11. Translate the text into Ukrainian and then back into English, compare your version with the original:

In science one of the most important discoveries having a great influence on the development of science was the fact that microscope has come into common use among scientists. The microscope gave scientists new power. Now they could see things that had been hidden. The first microscopes were very simple. They had only single lenses, some had double lenses with a tube between them. Anton von Leeuwenhoek was the first man who penetrated through these lenses into the mysterious world of the microbe. No one before his time had guessed that such tiny organisms existed.

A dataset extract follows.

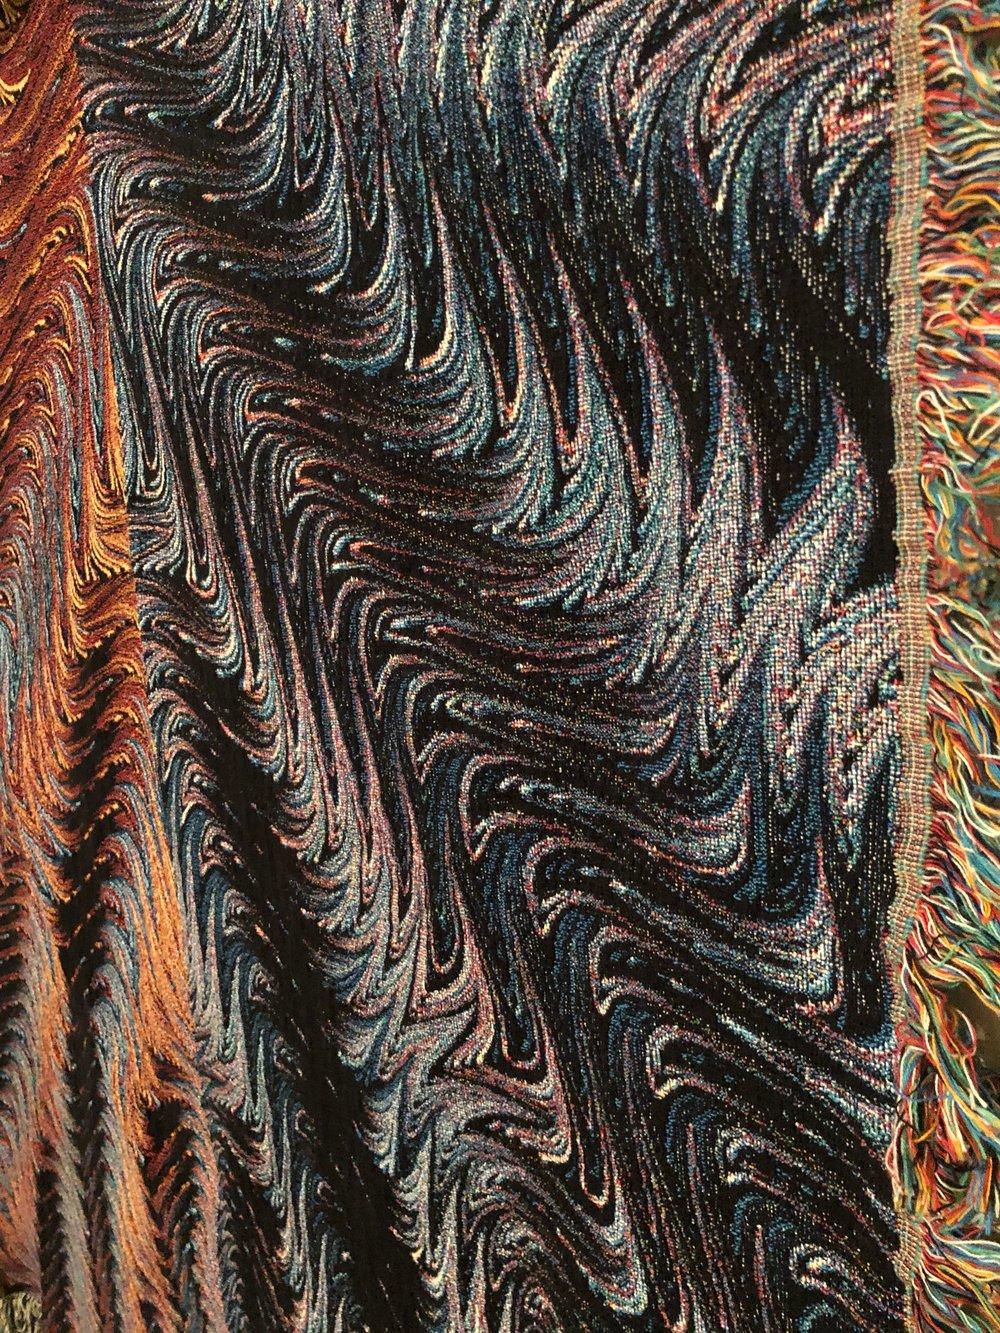 Woven Blanket #7

12. Compose short dialogues for the following imaginary situations:

1. You know that Leeuwenhoek was not a professional scientist. Yet he corresponded with the Royal Society in London, where he sent his descriptions of what he had seen through his microscope. One day he was visited by one of the members of the Royal Academy. Try to imagine the conversation that might have taken place.

3. You are a teacher of zoology. This is your first lesson on the use of microscope. Instruct the students in its use.

4. Your younger sister comes up to you and asks what a microscope is. Tell her what instrument it is, how it is constructed and what it is used for.

5. You are going to make a report "From Leeuwenhoek to the present". What will you include in it?

6. You are given a microscope without a mirror and asked to examine a leaf of an apple-tree. Will you be able to do it? Discuss it with your friend.